• **What is required**:
Scan the records below for the line containing "cocina-campana-y-fogones 00484166 O." and the line containing "5 incontournables au Costa Rica". Copy both, plus every line between, exactly.

• **The data**:
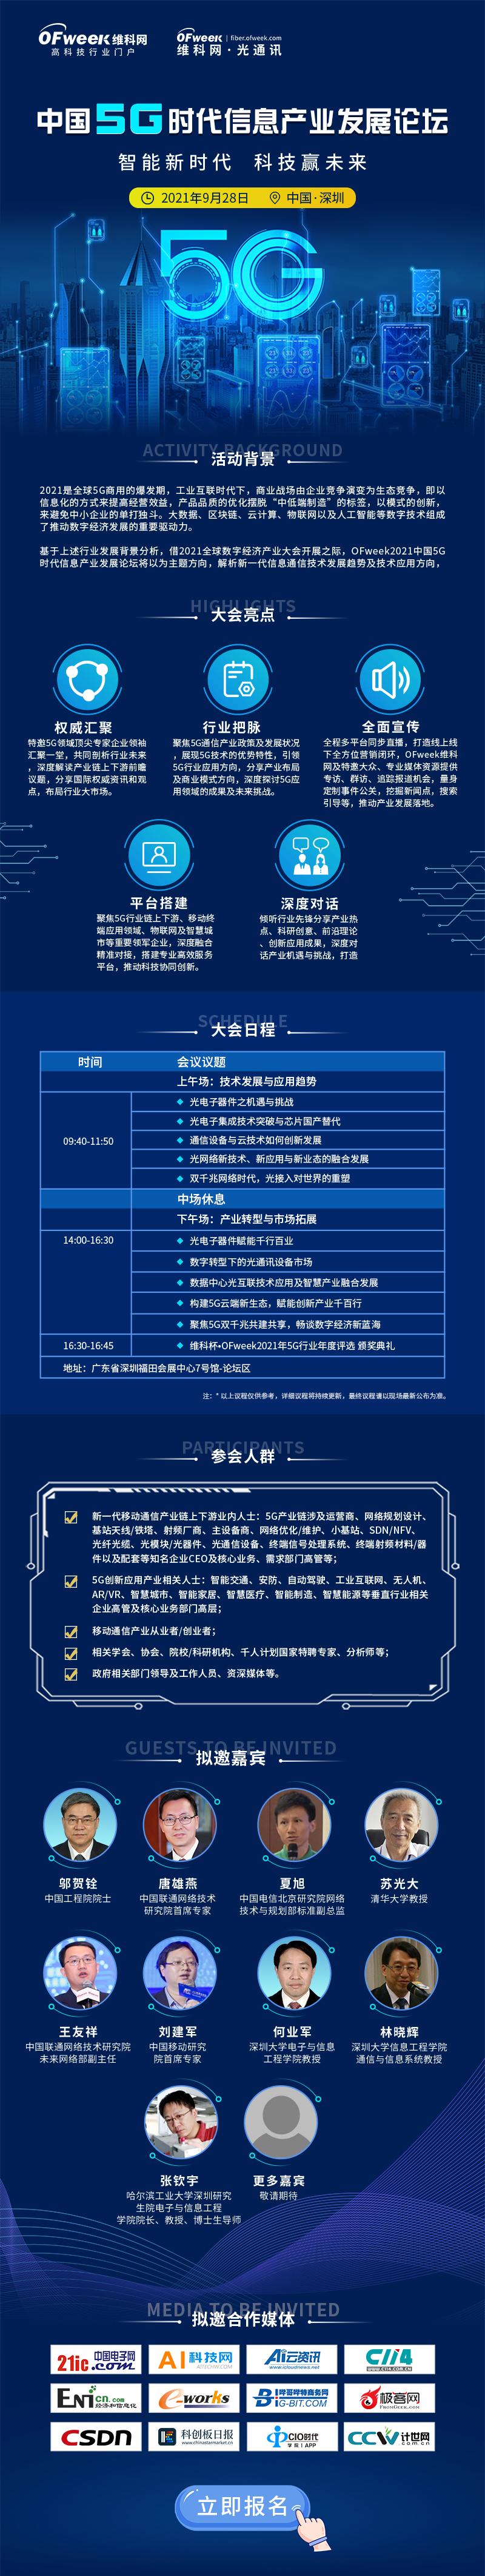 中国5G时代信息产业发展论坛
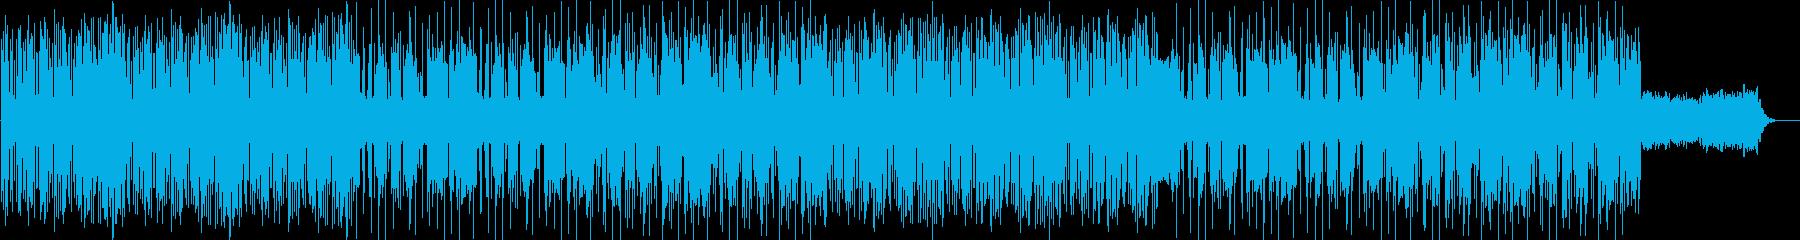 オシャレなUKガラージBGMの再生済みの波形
---
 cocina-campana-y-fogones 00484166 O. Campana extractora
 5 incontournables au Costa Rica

• **Answer**:
 cocina-campana-y-fogones 00484166 O. Campana extractora
 5 incontournables au Costa Rica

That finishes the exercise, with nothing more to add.